Many of the examples in these hype tweets don’t stand up to scrutiny, in terms of being meaningful for everyday use.

 

  • Sure, Bard can export code directly to Google Colab, but Ctrl-C, Ctrl-V into a notebook isn’t that hard either.

  • Yes, Bard can get yesterday’s stock returns, but so can Yahoo Finance.

  • Sometimes the examples just don’t replicate. I asked Bard for specific SEO tips for Apricot’s landing page and it gave generic suggestions.
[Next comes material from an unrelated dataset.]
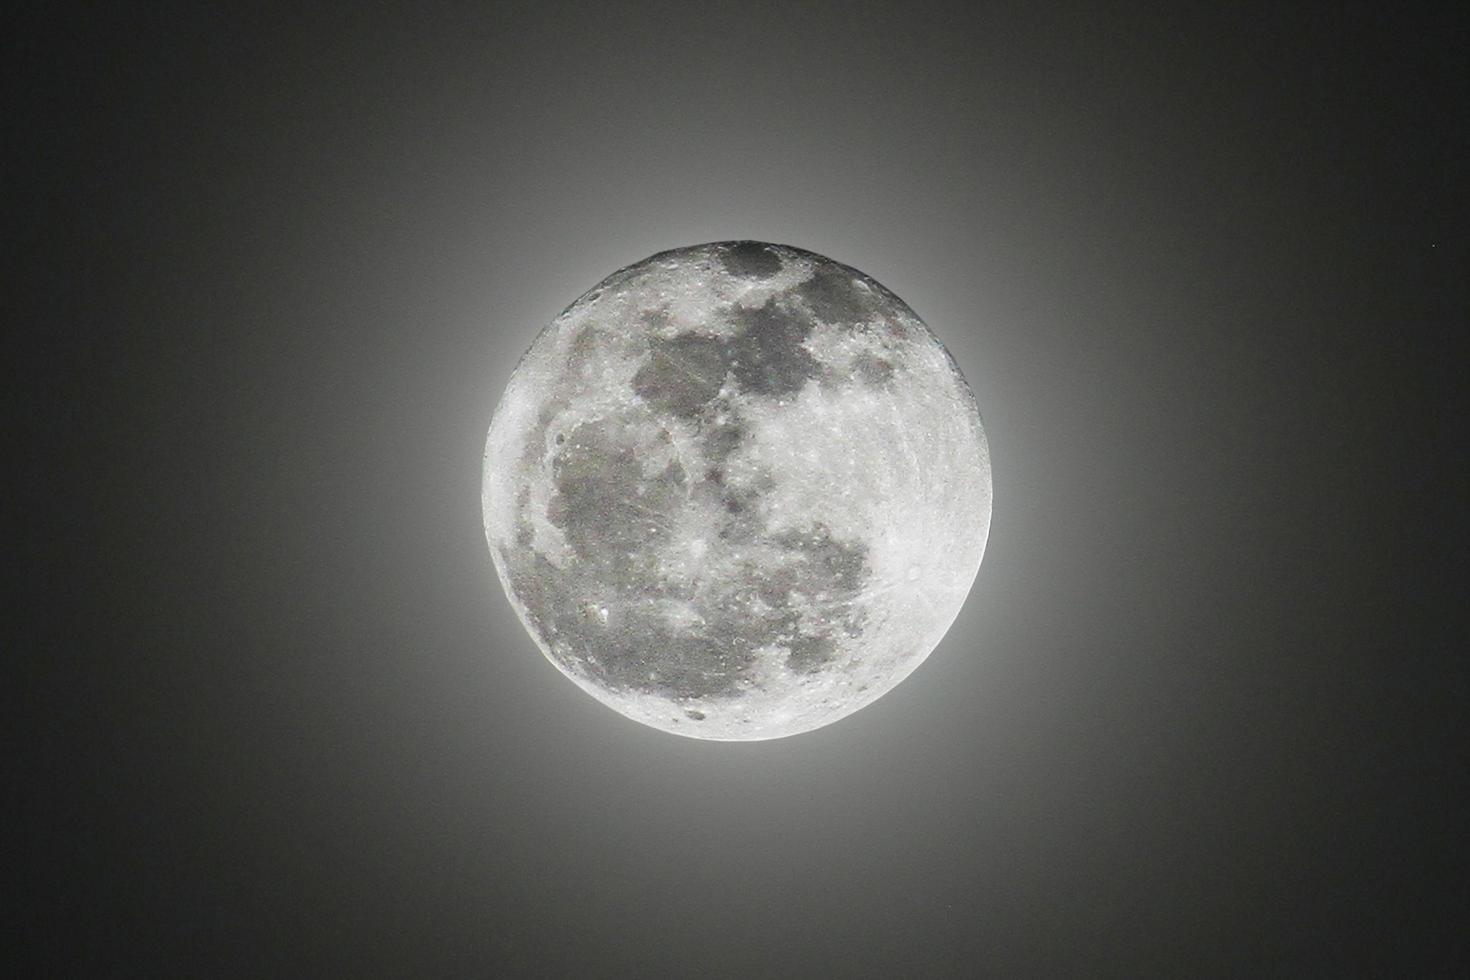 makt ljus av full supermåne i mörk svart natt och visa textur utrymme av månens yta. foto

Fine, but nothing special.

  • Voice prompts are probably very helpful to some people, but not a deciding factor for most.

 

I don’t want to fall behind the pack, though, so let’s put Bard to the test vs. ChatGPT for my actual Apricot-related use cases.

Some context

This is not a scientific study, clearly. Once upon a time, I enjoyed doing controlled, in-depth, technical comparisons of ML models, but those days are past. In this post, I’m going to take about an hour to explore a few use cases, make a decision, and move on to the rest of my long to-do list.

The competitors

  • OpenAI ChatGPT, with the GPT-4 model, in the chat window at https://chat.openai.com/. I pay about $20/month for this.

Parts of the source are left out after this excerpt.